Estados Unidos e China suspendem tarifas e vão negociar durante 90 dias
O representante para o Comércio dos Estados Unidos, Jamieson Greer, afirmou esta segunda-feira que Washington e Pequim vão suspender a maioria dos direitos aduaneiros durante 90 dias, com início já na próxima quarta-feira. Durante esse período, as duas partes continuarão a negociar um "desanuviamento definitivo".
Esta é uma redução significativa na guerra comercial que eclodiu no mês passado.
O secretário do Tesouro norte-americano, Scott Bessent, afirmou que os Estados Unidos e a República Popular da China vão reduzir "os direitos aduaneiros punitivos recíprocos em 115 pontos percentuais".
Assim sendo, as importações chinesas passam a pagar um direito aduaneiro de 30 por cento, enquanto os produtos americanos vão pagar um direito aduaneiro de 10 por cento.
A suspensão vai entrar em vigor formalmente na quarta-feira, anunciaram os representantes das duas maiores potências económicas do mundo numa declaração conjunta publicada esta manhã.

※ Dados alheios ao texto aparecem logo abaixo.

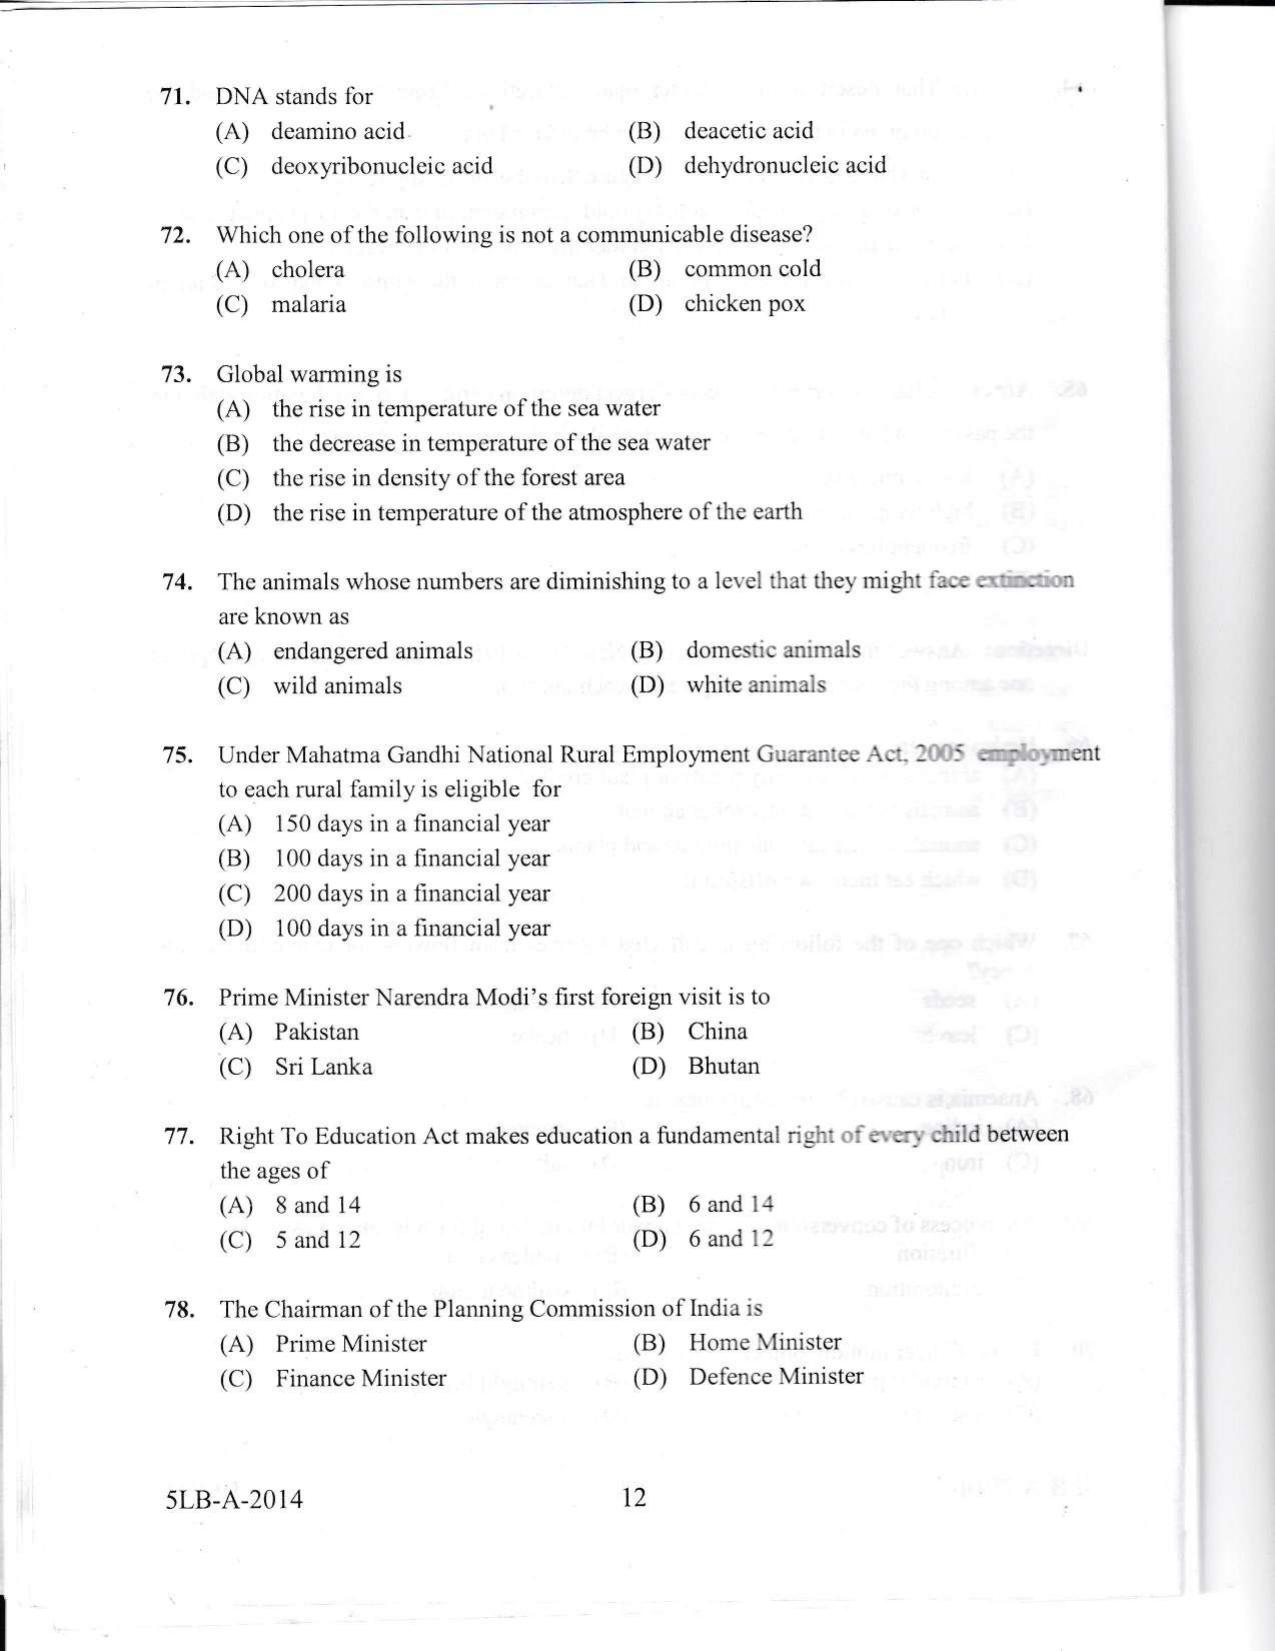 KLEE 5 Year LLB Exam 2014 Question Paper - Page 12

"Ambos os países representaram muito bem seus interesses nacionais", disse Bessent. "Ambos temos interesse num comércio equilibrado e os EUA continuarão a avançar nesse sentido". Entretanto, Jamieson Greer anunciou que as duas partes vão negociar durante um período de 90 dias.
No domingo, os negociadores norte-americanos e os chineses falaram a uma só voz no final de dois dias de conversações à porta fechada, em Genebra, sobre a questão dos direitos aduaneiros, com ambas as partes a comunicarem progressos significativos nas suas negociações.
As reuniões de Genebra foram as primeiras interações face a face entre altos funcionários económicos dos EUA e da China desde que o presidente dos EUA, Donald Trump, voltou ao poder e lançou a instabilidade global, impondo taxas particularmente pesadas à China.
Desde que assumiu o cargo, em janeiro, Trump aumentou as tarifas pagas pelos importadores americanos por produtos da China para 145 por cento, para além das que impôs a muitos produtos chineses durante o seu primeiro mandato e das tarifas cobradas pela antiga Administração Biden.
A China ripostou, aumentando as tarifas sobre os produtos americanos para 125 por cento.O vice-primeiro-ministro chinês, He Lifeng, saudou
os "progressos substanciais" registados na sequência das conversações
com os Estados Unidos.
A disputa tarifária paralisou quase 600 mil milhões de dólares em comércio bilateral, perturbando as cadeias de abastecimento e desencadeando alguns despedimentos.
Os mercados financeiros têm estado à procura de sinais de um abrandamento na guerra comercial. Agora, as conversações vieram aumentar as esperanças de que uma recessão global possa ser evitada.Questão do fentanil abordada nas conversações
Sobre o fentanil, Jamieson Greer disse que a República Popular da China compreendeu a gravidade da questão.
A utilização do fentanil, uma droga sintética, tornou-se um problema de saúde pública nos Estados Unidos nos últimos anos.
A questão tem sido um dos principais pontos do confronto tarifário entre as duas potências, com Washington a pedir a Pequim para reprimir a produção e exportação ilegal dos produtos químicos que permitem o fabrico da substância.
"Houve um compromisso surpreendente para lidar com a crise do fentanil. Foi a primeira vez que a China compreendeu a magnitude do que se está a passar nos Estados Unidos", disse Greer.